──────── Data supplied ────────

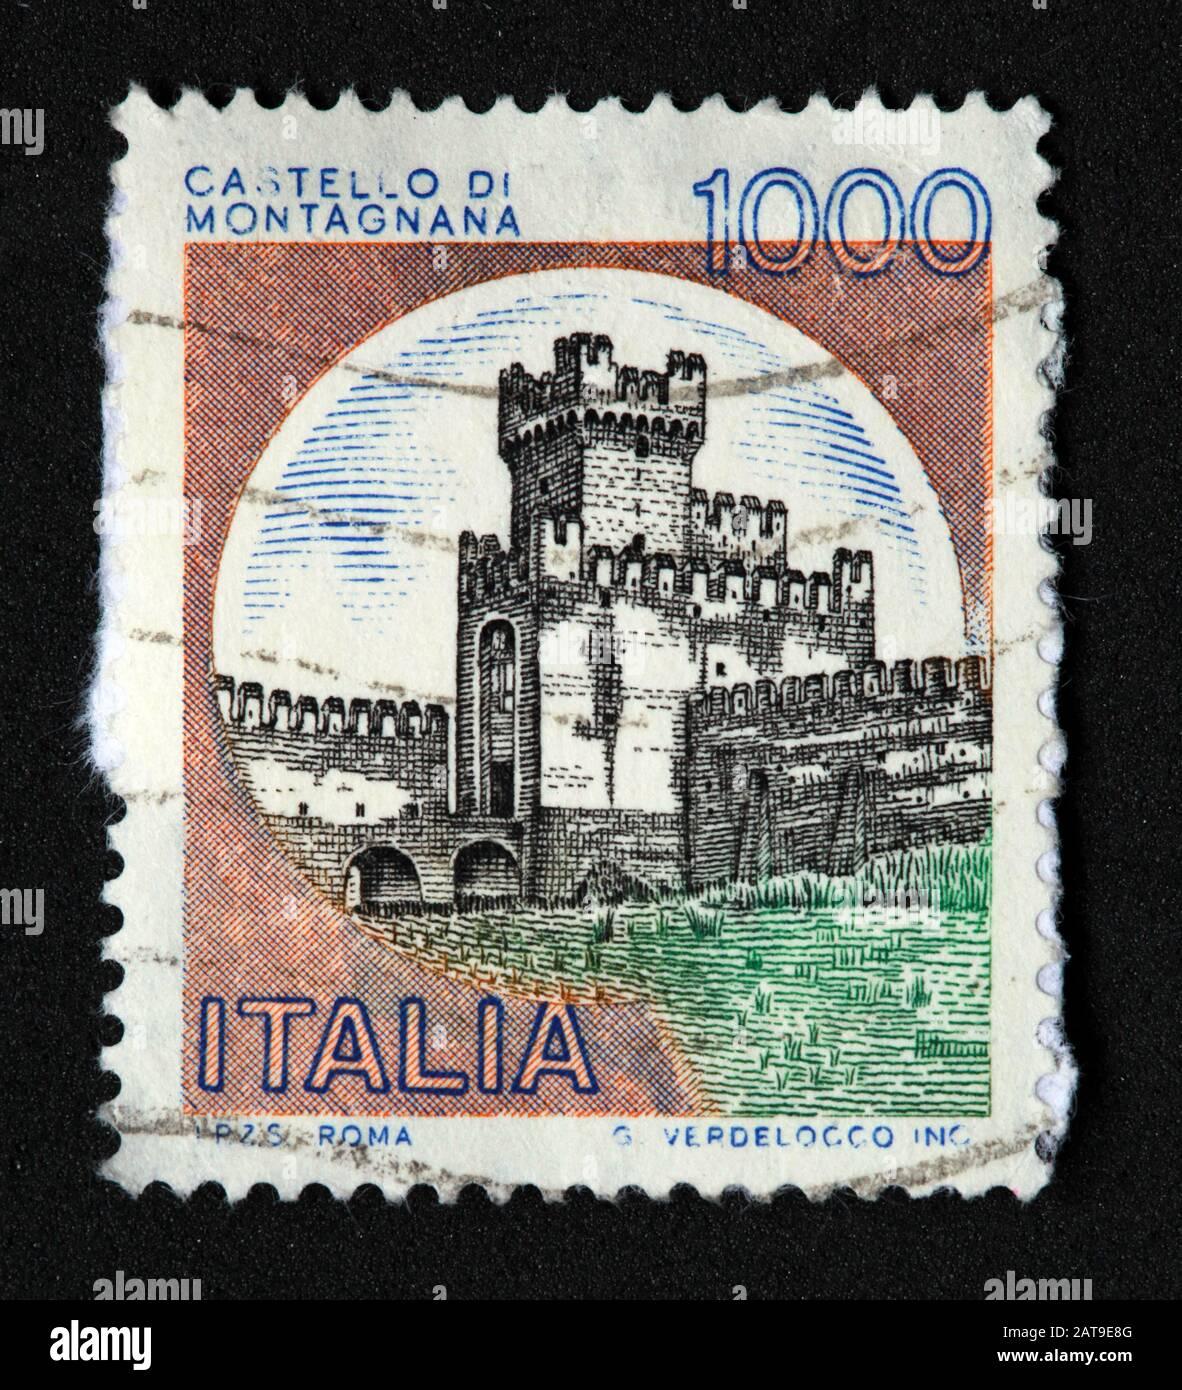 Hotpixuk,@Hotpixuk,GoTonySmith,stamp,postal,franked,frank,used stamps,used franked,used,franked stamp,from envelope,history,historic,old,Italy,Italian,Italia,Italy Stamp,Rome,Roma,1,000,1000,Italia 1000Lire,1000 Lira,Castello Di Montagnana,G.Verdelocco inc,italian stamp,franked Italian stamp,used Italian stamp,Italy stamp
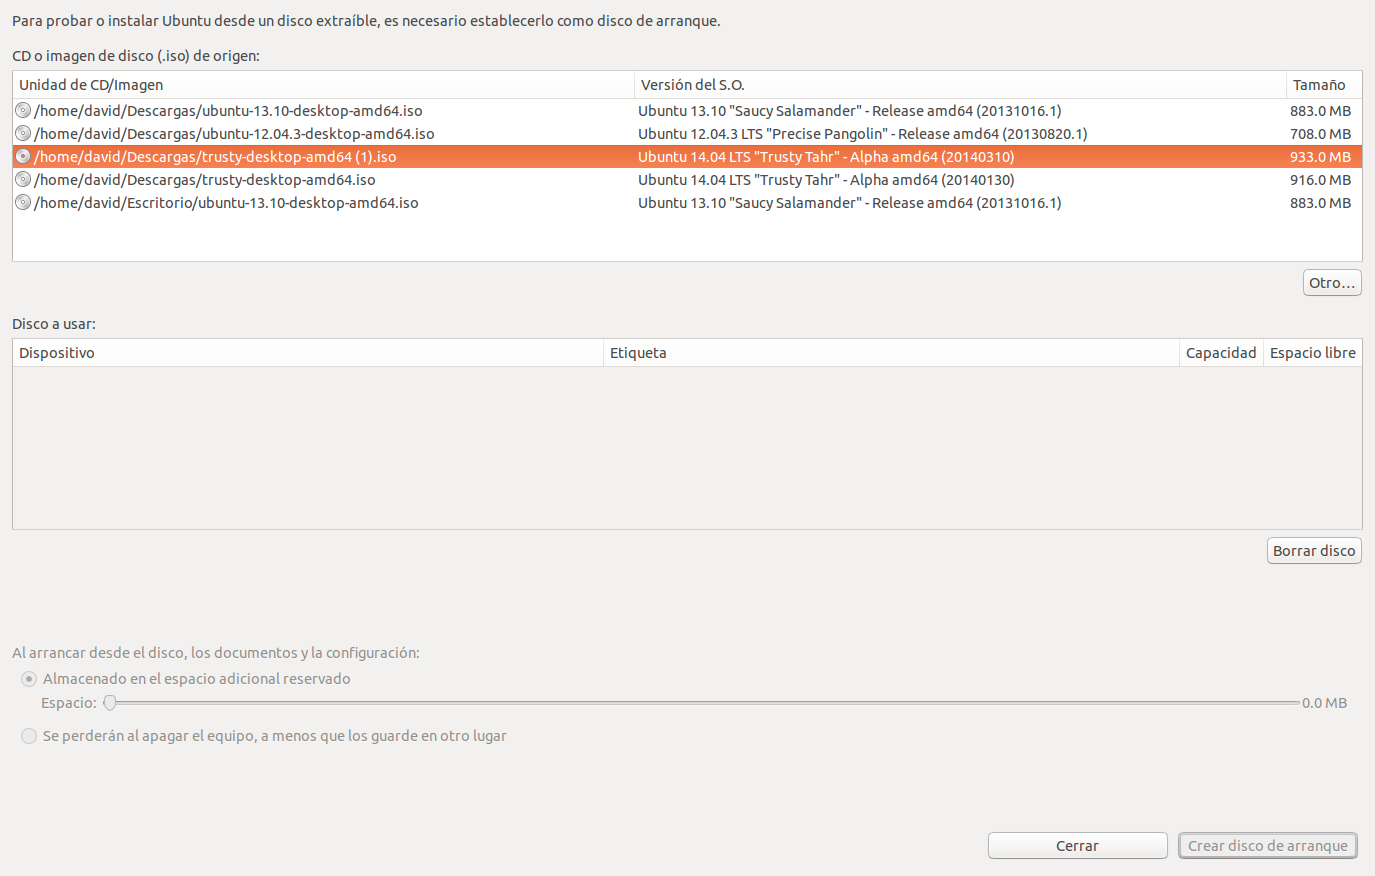 Crear USB live para instalar Ubuntu 14.04 LTS, instalar ubuntu en un pendrive
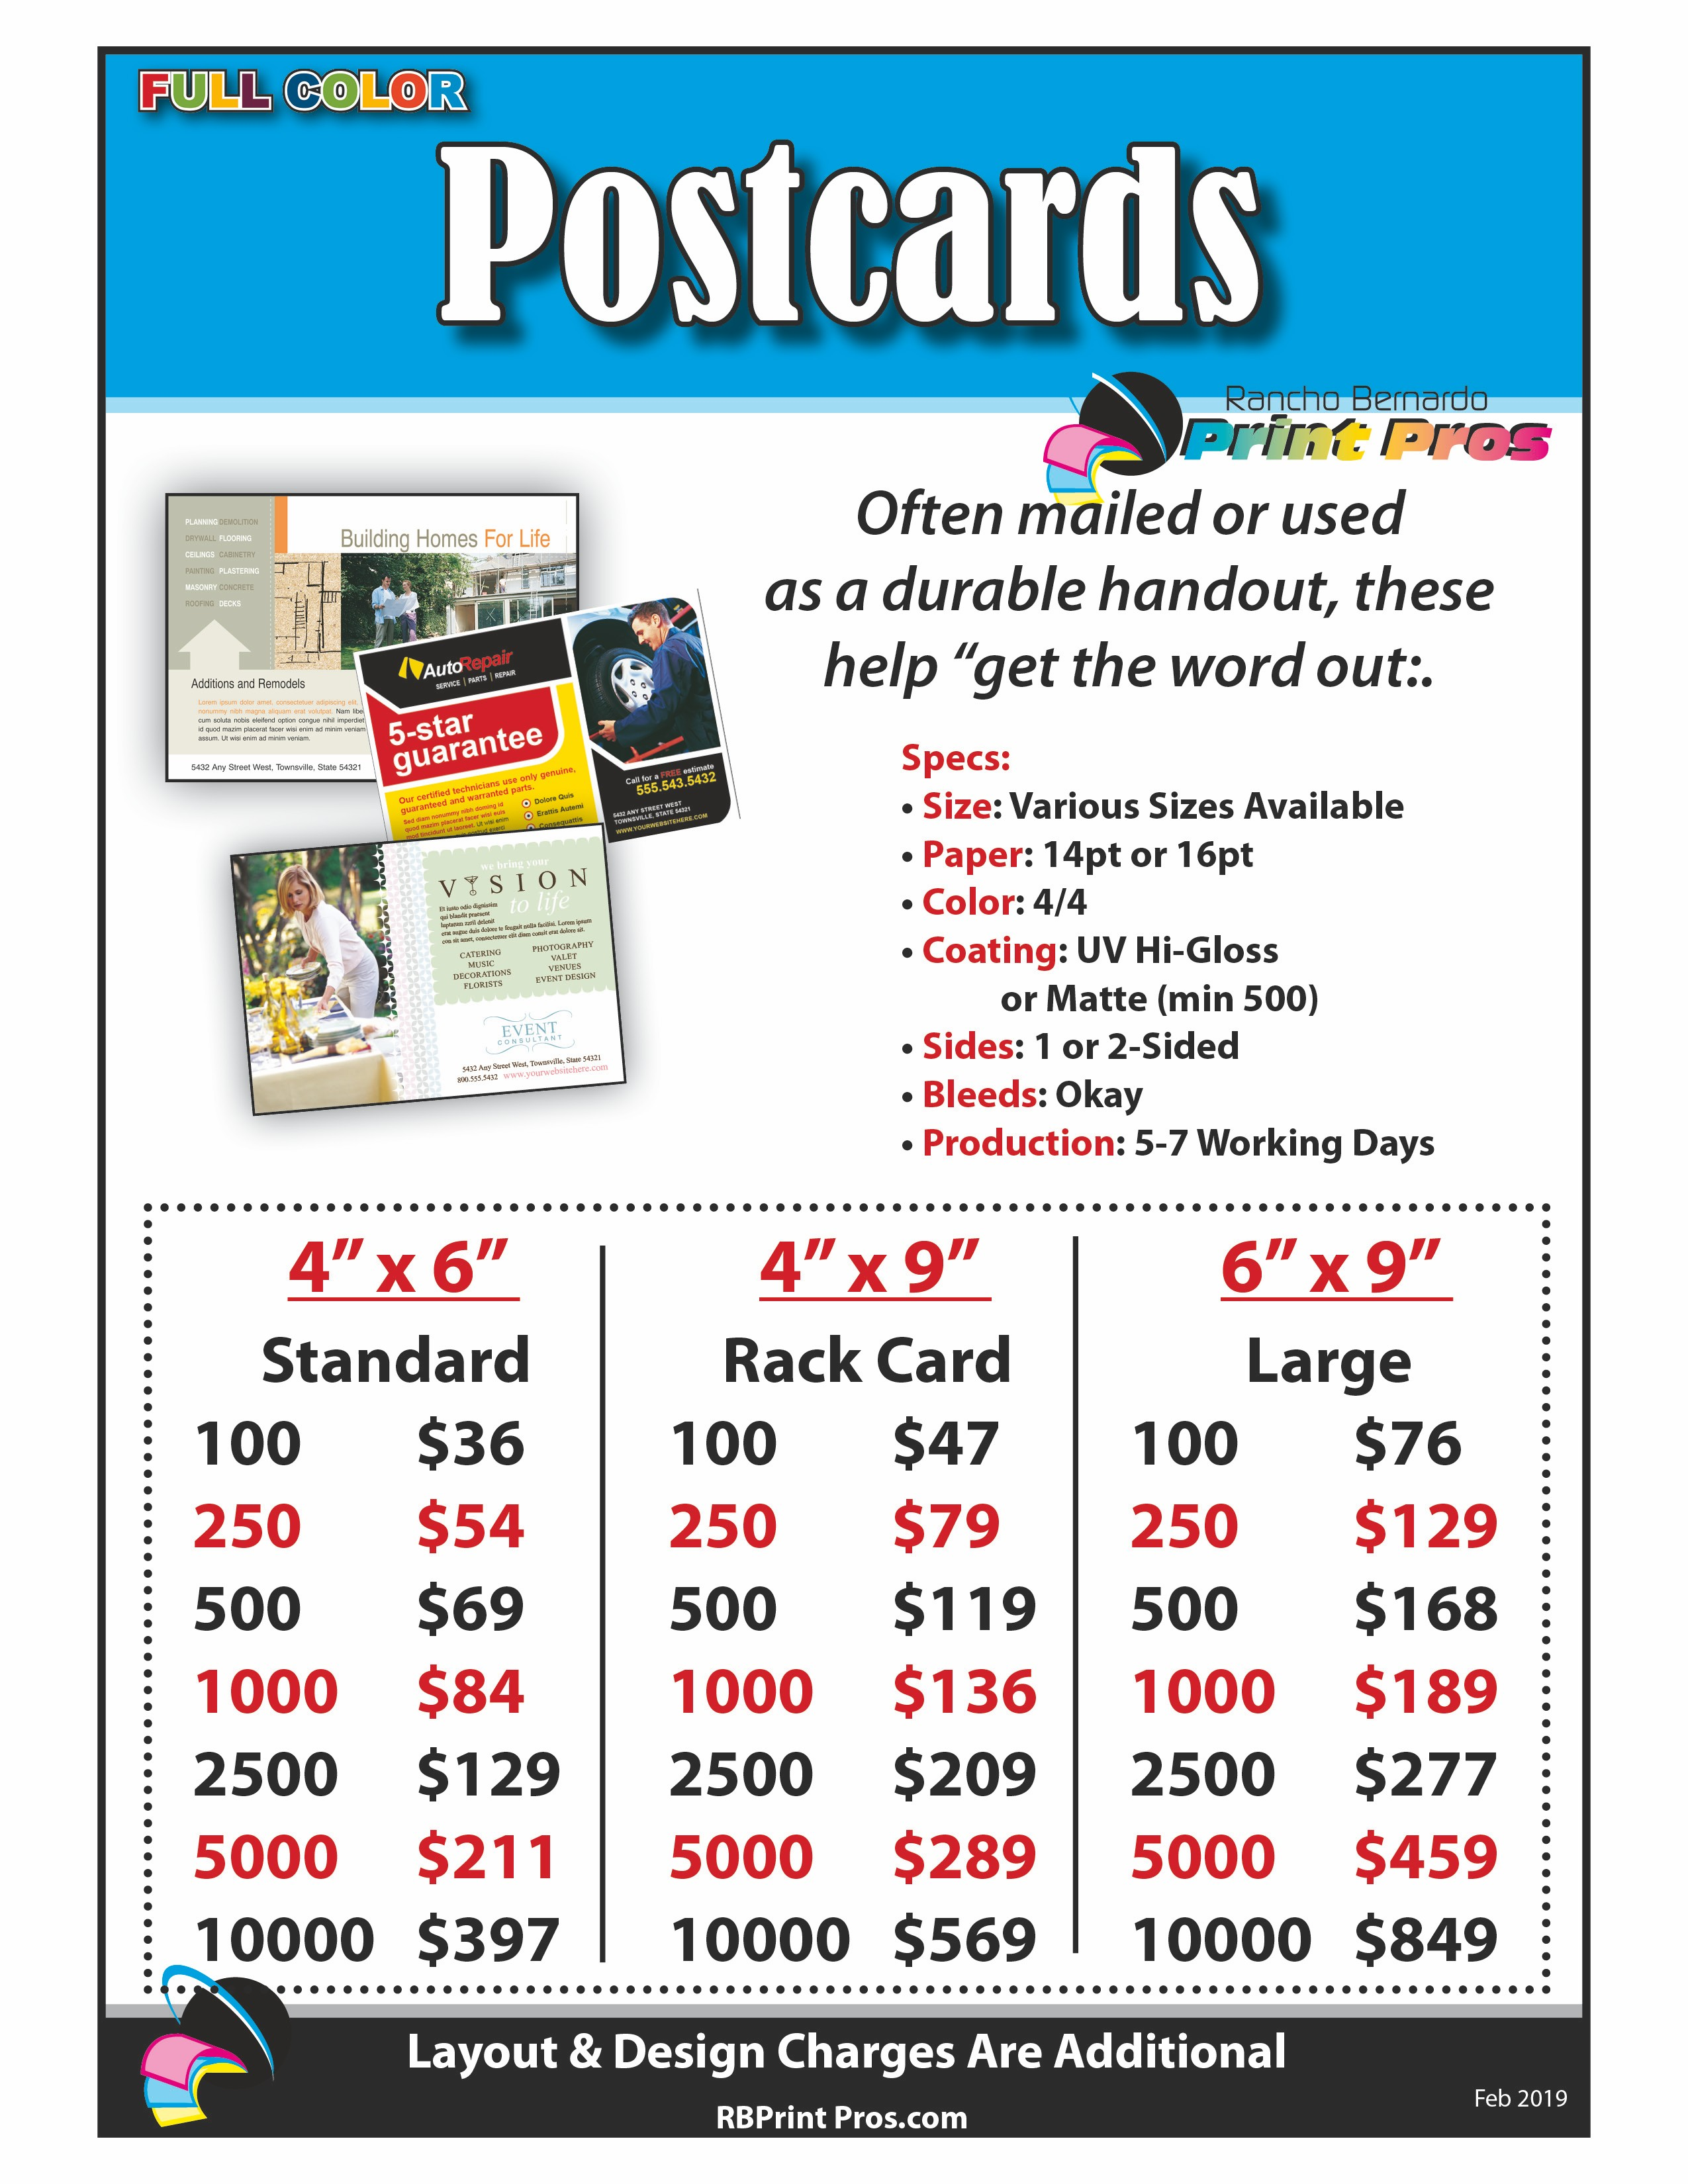 rbpp_4c.postcards.3.6.19.hi300.jpg
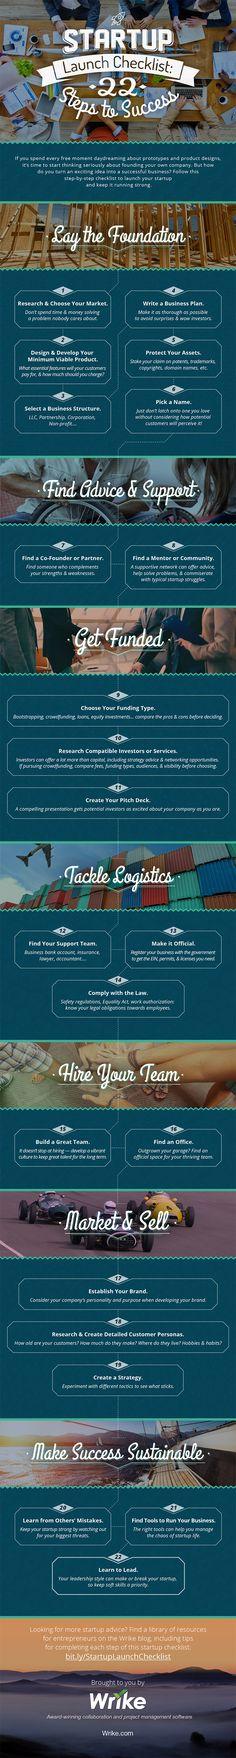 Product Launch Checklist {Infographic} - Best Infographics | Bizz ...
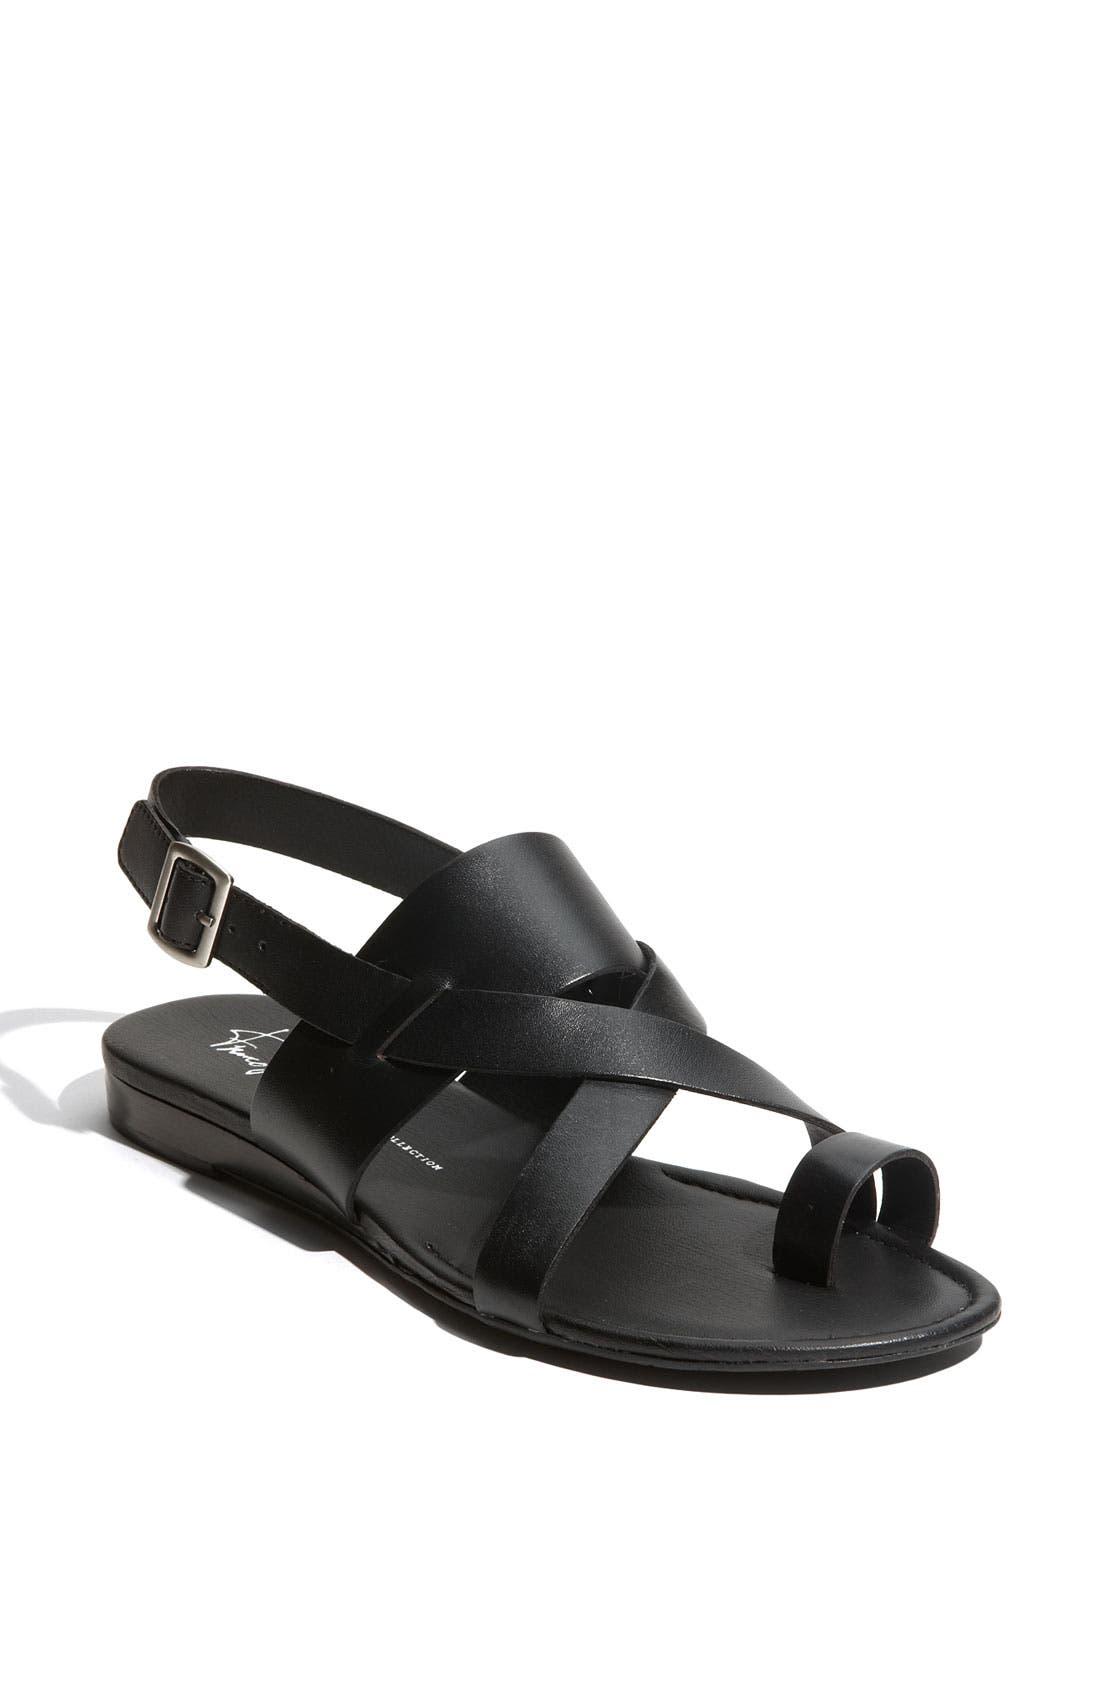 Gia Sandal,                         Main,                         color, Black Antanado

────────

- Work request
Leaving the pictures aside, write out the entries above exactly.

- Completed exercise
 Hotpixuk,@Hotpixuk,GoTonySmith,stamp,postal,franked,frank,used stamps,used franked,used,franked stamp,from envelope,history,historic,old,Italy,Italian,Italia,Italy Stamp,Rome,Roma,1,000,1000,Italia 1000Lire,1000 Lira,Castello Di Montagnana,G.Verdelocco inc,italian stamp,franked Italian stamp,used Italian stamp,Italy stamp
 Crear USB live para instalar Ubuntu 14.04 LTS, instalar ubuntu en un pendrive
 rbpp_4c.postcards.3.6.19.hi300.jpg
 Product Launch Checklist {Infographic} - Best Infographics | Bizz ...
 Gia Sandal,                         Main,                         color, Black Antanado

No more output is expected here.